Venet et al. [31] found that many published breast cancer gene signatures have strong expression correlation to a cell proliferation-related gene set called meta-PCNA, containing 131 genes that are significantly related to PCNA gene expression. We checked the gene expression correlation between module 2 and meta-PCNA, and found that similar to other many published gene signatures, module 2 expression is strongly correlated to meta-PCNA across five breast cancer data sets (Table S13 in Additional file 1). Because of this strong correlation, multi-covariate Cox PH analysis shows that module 2 is not independently related to patient overall survival after adjustment for meta-PCNA gene expression in all but the GSE3143 data sets (Table S14 in Additional file 1). Gene overlap analysis shows that 7 out of 31 genes in module 2 are shared with meta-PCNA (P-value = 3.5 × 10-10). All the shared genes (BIRC5, AURKB, KIF20A, NCPAD2, BUB1, CDCA8, and MAD2L1) are among the top ten of module 2 genes sorted by P-values based on the NEJM data set (Table S9 in Additional file 1). These results again point to a biological role in cell proliferation for module 2.

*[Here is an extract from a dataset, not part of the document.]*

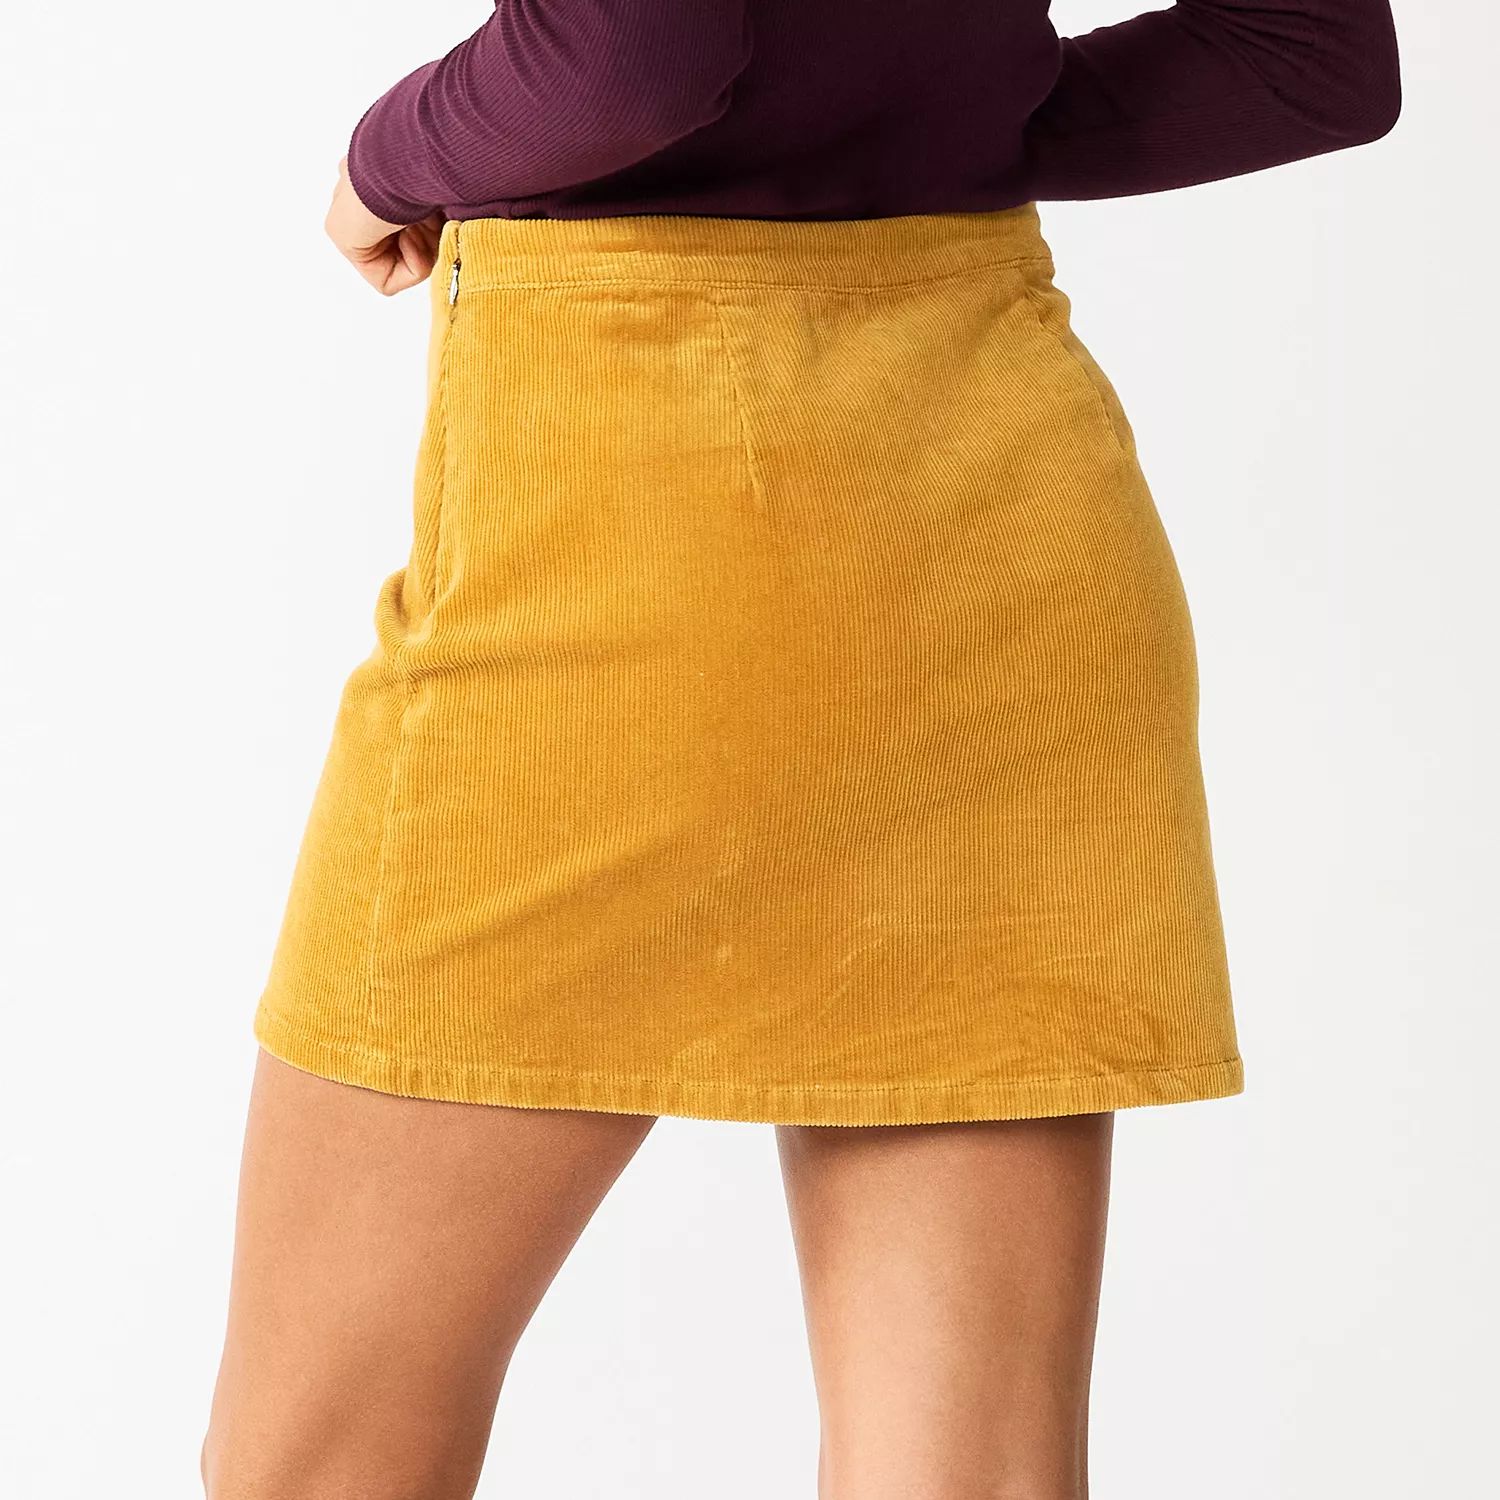 Мини-юбка SO для подростков со шнуровкой спереди SO толстовка honey eevi цвет mustard yellow

Application of the method to high-grade serous adenocarcinoma of the ovary

To test our method in another cancer type, we applied it to high-grade serous adenocarcinoma of the ovary. We used The Cancer Genome Atlas (TCGA) ovarian gene expression data set [32] as the training data set, and three independent data sets (GSE9891 [33], GSE13876 [34], GSE26712 [35]) for validation.

The primary MCL network clustering algorithm identified 27 modules of size 8 or greater in the TCGA training set, 7 of which were selected by superpc using a threshold value of 0.8. Using superpc's continuous prediction model, we found that the second principal component is significantly related to ovarian cancer patient overall survival across four independent ovarian cancer data sets (Table S15 in Additional file 1). Superpc also offers a 'discrete prediction' model in which patient samples are divided between two groups based on the training data set. A univariate Cox PH analysis (Table 4) and Kaplan-Meier plot (Figure S6 in Additional file 1) demonstrate that the second principal component distinguishes a subgroup of patients who have significantly longer survival (hazard ratio (HR) ranging from 1.33 to 2.43 among the four data sets, P-values ranging from 3.61 × 10-2 to 8.85 × 10-5). Both results show that the second principal component can be used as a feature to predict samples into two groups: one contains samples having longer survivals, while another shorter survivals.

Table 4 Superpc discrete prediction results

In contrast to our results in breast cancer, we failed to find an individual module that was significantly related to patient overall survival across the training set and all three validation sets. So we used the six network modules selected by superpc and built a functional interaction subnetwork of 75 genes (Figure S7 in Additional file 1). Pathway annotations show that the majority of these modules are related to interleukin 2 and T-cell receptor signaling transduction pathways, cell adhesion, cell cycle, and homologous recombination.

Recently, Mankoo et al. [22] used the same TCGA data set to identify prognostic signatures for progression-free survival (PFS; 181 genes) and overall survival (219 genes) in ovarian cancer using information from copy-number alteration, mRNA expression, microRNA expression, and RNA methylation data. We compared their mRNA overall survival signature to the 75-gene signature derived from MCL+superpc. In comparison to the Mankoo signature, the MCL+superpc signature is almost one-third of its size, and performs better across the same three ovarian cancer data sets used. The Mankoo et al.'s mRNA signature yields P-values ranging from 0.18 to 0.014 (Kaplan-Meier plot using t-score; Figure 1 SC in File S1 in [22]), or from 0.71 to 0.048 (Kaplan-Meier plot using c-score). In contrast, the MCL+superpc signature shows P-values from 0.036 to 0.017, which are significant across all data sets.

Cytoscape plug-in

We have packaged the workflow of module discovery, and survival analysis, except the superpc analysis, into a software tool that runs within a popular biological network analysis platform, Cytoscape [36]. This tool is called the Reactome FI plug-in and can be downloaded from [37]. We also provide a detailed user guide and example data sets. The plugin operates by making RESTful requests against Java and R server-side services that reside at the Reactome server. The code underlying the plugin and server-side services is available under an open source license that allows for unrestricted use, modification and redistribution.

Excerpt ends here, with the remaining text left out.